Aqui vai a versão resumida antes da tabela. Um homem na casa dos vinte anos que consegue fazer de 22 a 28 flexões é classificado como Bom. Um homem na casa dos trinta precisa de 17 a 21 para a mesma classificação. Uma mulher na casa dos vinte anos que consegue fazer de 15 a 20 flexões de joelhos é classificada como Boa, e uma mulher na casa dos trinta precisa de 13 a 19. Nesses números ou acima deles, você está na metade superior da população de referência para a sua década de vida. Abaixo disso é um ponto de partida, não uma crise, e essa é uma das métricas de fitness que mais evolui rápido.
Quais São as Normas Publicadas de Flexões por Idade e Sexo?

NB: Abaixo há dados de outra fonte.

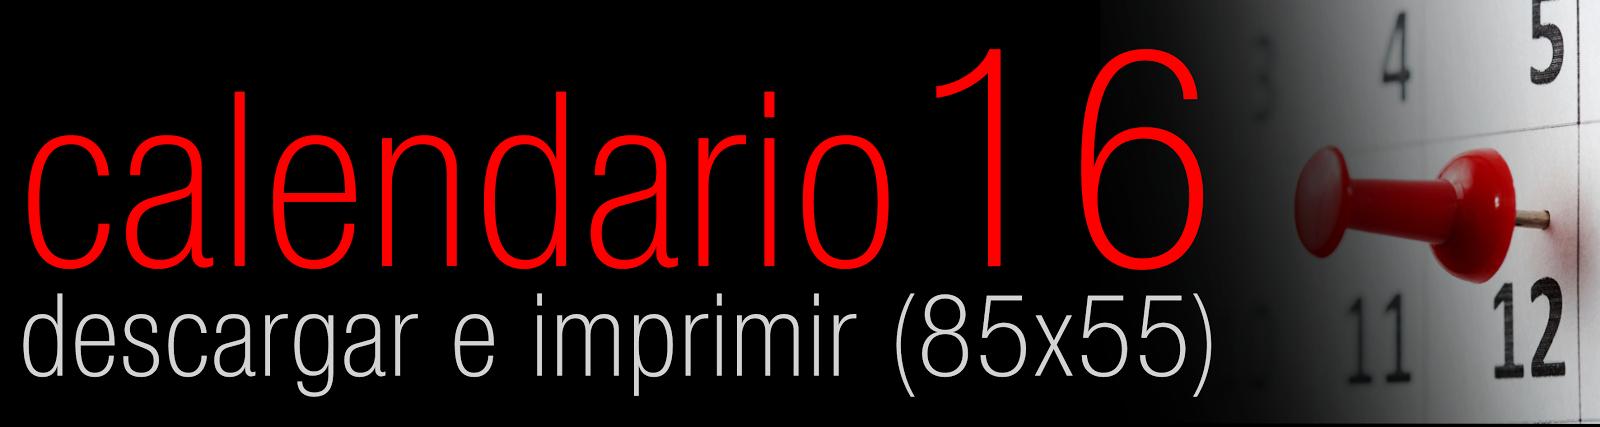 <strong>CALENDARIO 2016 (85X55)</strong>

Os dados de referência vêm de Payne, Gledhill, Katzmarzyk, Jamnik e Keir (2000), "Canadian musculoskeletal fitness norms," no Canadian Journal of Applied Physiology. A equipe mediu flexões junto com abdominais parciais, salto vertical, força de preensão, flexão de tronco e composição corporal em 571 participantes saudáveis (312 mulheres, 259 homens) de 15 a 69 anos, e estratificou os resultados por sexo e faixa etária. Essas normas foram incorporadas ao manual de avaliação Canadian Physical Activity, Fitness and Lifestyle Approach, onde a maioria dos profissionais de fitness as encontra.
Dois detalhes do protocolo decidem se o seu próprio número é comparável. Os homens são testados na posição padrão, apoiados nos pés. As mulheres são testadas na posição modificada com apoio dos joelhos, com as pernas no colchonete e as costas retas. Em ambos os casos, você executa o máximo de repetições consecutivas possível sem descansar, descendo até o queixo tocar o colchonete, e o teste termina quando a forma se rompe por duas repetições seguidas. Sem pausa no topo, sem quicar no chão, sem quadris caídos.
Normas de flexões para homens (flexão padrão, repetições consecutivas máximas)
| Idade | Precisa melhorar | Razoável | Bom | Muito bom | Excelente |
|---|---|---|---|---|---|
| 20-29 | 16 ou menos | 17-21 | 22-28 | 29-35 | 36 ou mais |
| 30-39 | 11 ou menos | 12-16 | 17-21 | 22-29 | 30 ou mais |
| 40-49 | 9 ou menos | 10-12 | 13-16 | 17-24 | 25 ou mais |
| 50-59 | 6 ou menos | 7-9 | 10-12 | 13-20 | 21 ou mais |
| 60-69 | 4 ou menos | 5-7 | 8-10 | 11-17 | 18 ou mais |
Normas de flexões para mulheres (flexão de joelhos modificada, repetições consecutivas máximas)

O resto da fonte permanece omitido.